В девяностые дед приносил мне свой обед из шахты. Я понял это только сейчас

Розовые очки

Алюминиевый судок стоял на столе. Серый, мятый по краям, с крышкой, которая закрывалась на две защёлки. Дед ставил его передо мной молча, отходил к окну, смотрел во двор.

Я съедал.

Там всегда была картошка. Иногда — кусок хлеба. Иногда гречка с чем-то коричневым, что я не спрашивал как называется. Ел потому что был голоден. Ел потому что дед ставил, и значит — так надо.

Мне было девять. Десять. Одиннадцать.

В девяностые дед приносил мне свой обед из шахты. Я понял это только сейчас

Дед работал в шахте. Уходил в пять утра, когда я ещё спал. Приходил к обеду — чёрный от угольной пыли, тяжёлый, с этим судком в брезентовой сумке. Мылся долго. Потом выходил на кухню. Ставил судок передо мной.

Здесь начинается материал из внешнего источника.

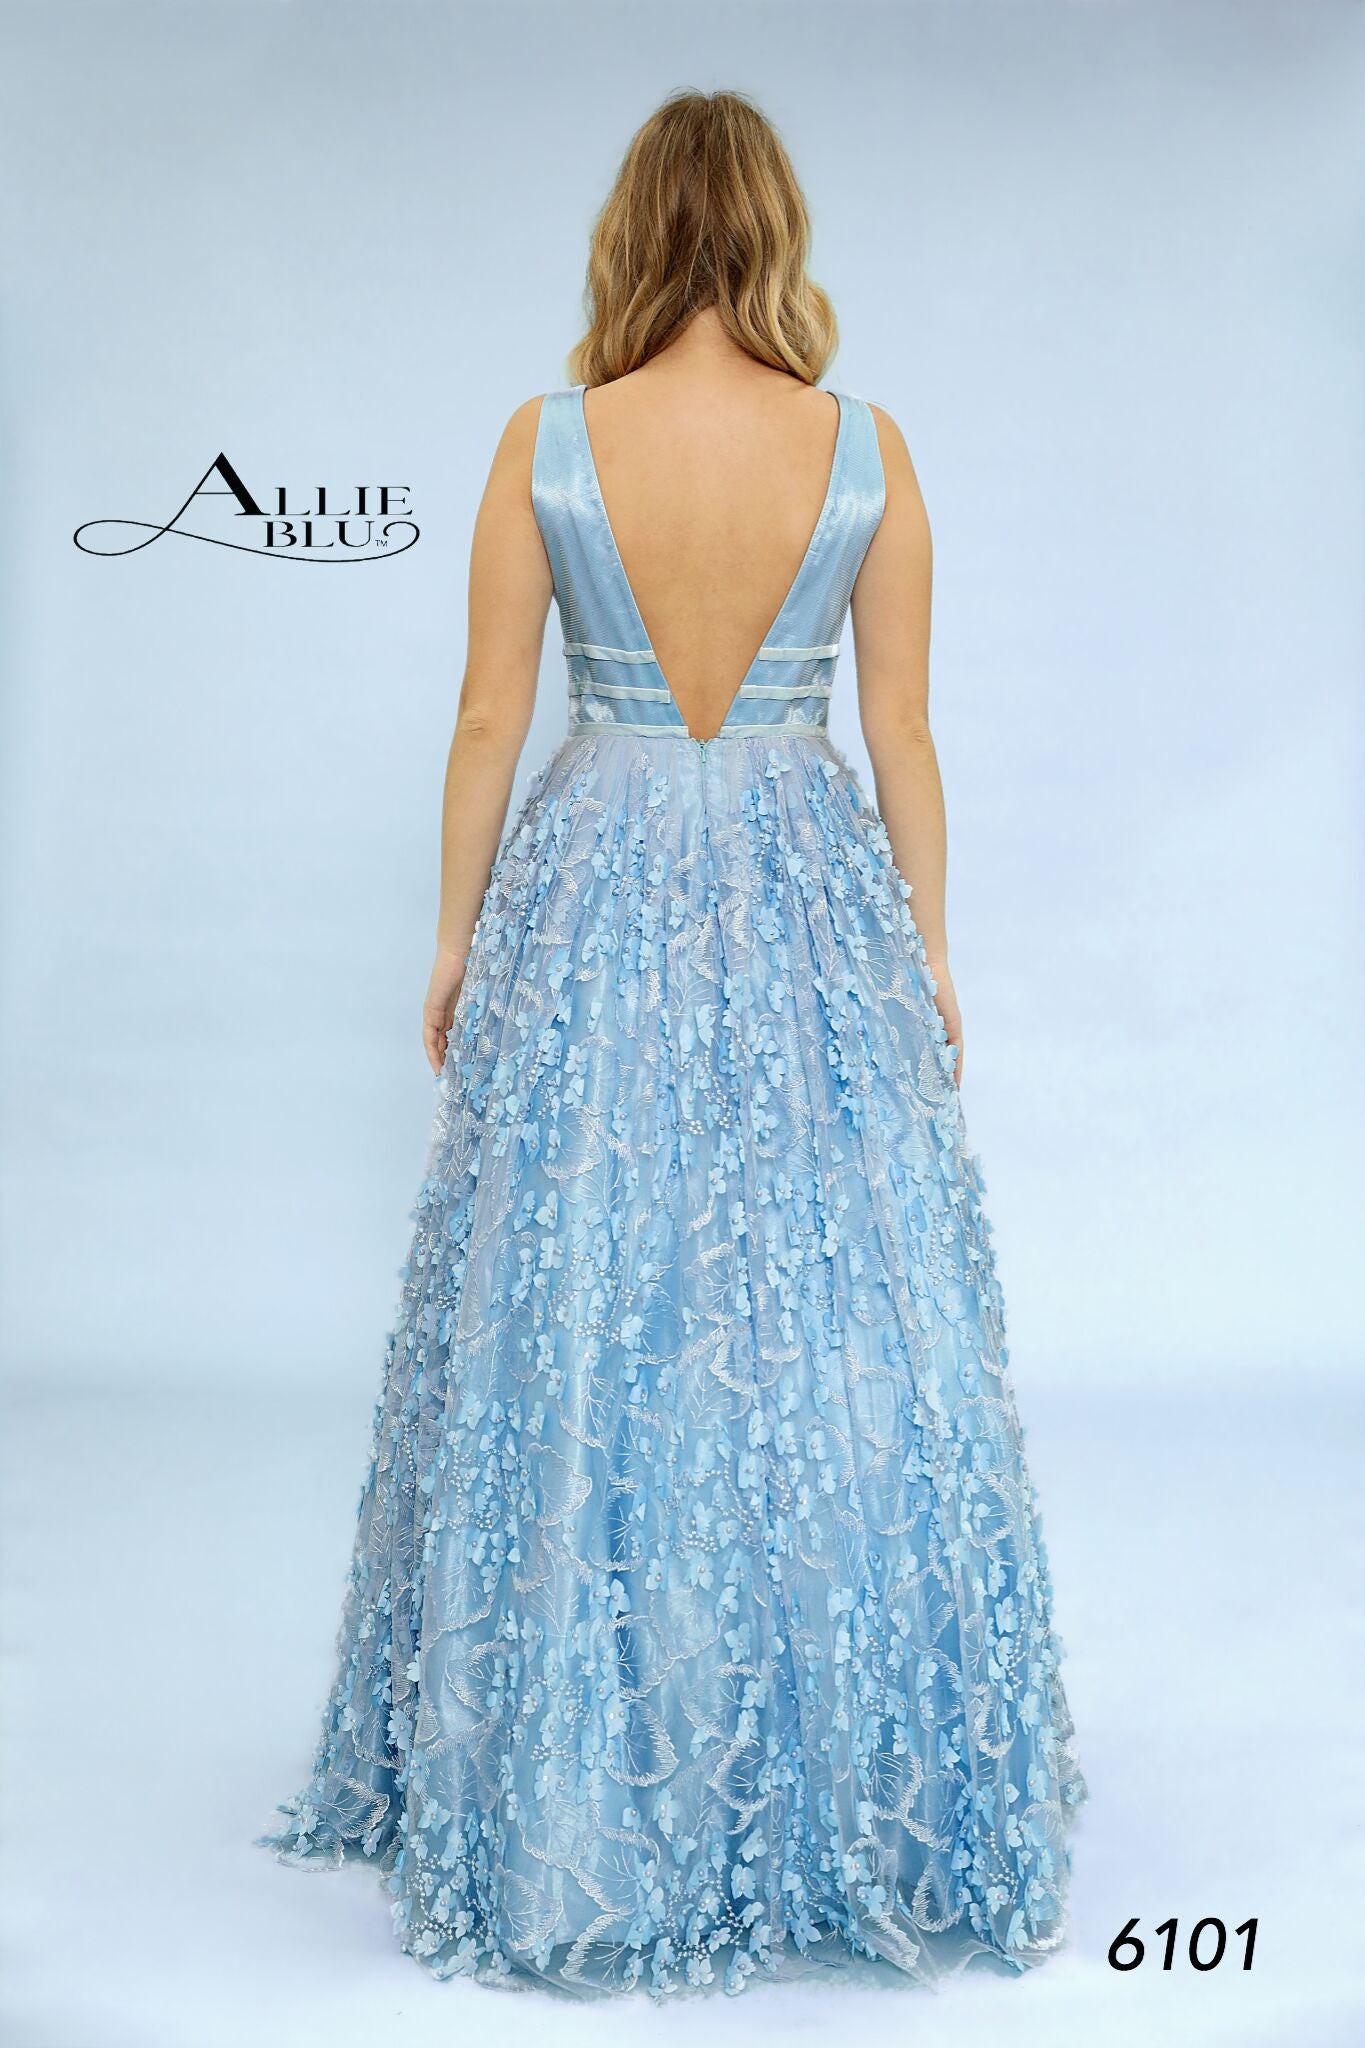 Allie Blu 6101 size 10 Peach floral applique prom dress Ballgown lace

Я ни разу не задал вопрос: а ты?

Ни разу не посмотрел — ел ли он сам. Садился ли потом к столу. Было ли в том судке что-то ещё, чего я не видел. Мне было девять лет. Дети не думают о таких вещах.

Но я вырос. И теперь думаю.

Мать позвонила в прошлое воскресенье. Просто так, говорит, скучаю. А потом сказала одну фразу. Я не спрашивал — она сама. Как будто носила это в себе тридцать лет и решила наконец выпустить.

После этой фразы я долго сидел с телефоном в руке. За окном ехали машины. Обычный день. А я сидел и не мог понять, как жил все эти годы и не знал.

Матери сейчас семьдесят один. Живёт в том же городе, где я вырос, — в Кемерово, в пятиэтажке на Весенней улице. Я приезжаю два раза в год: на майские и в ноябре, на её день рождения. Каждый раз обещаю себе — буду звонить чаще. Каждый раз не звоню.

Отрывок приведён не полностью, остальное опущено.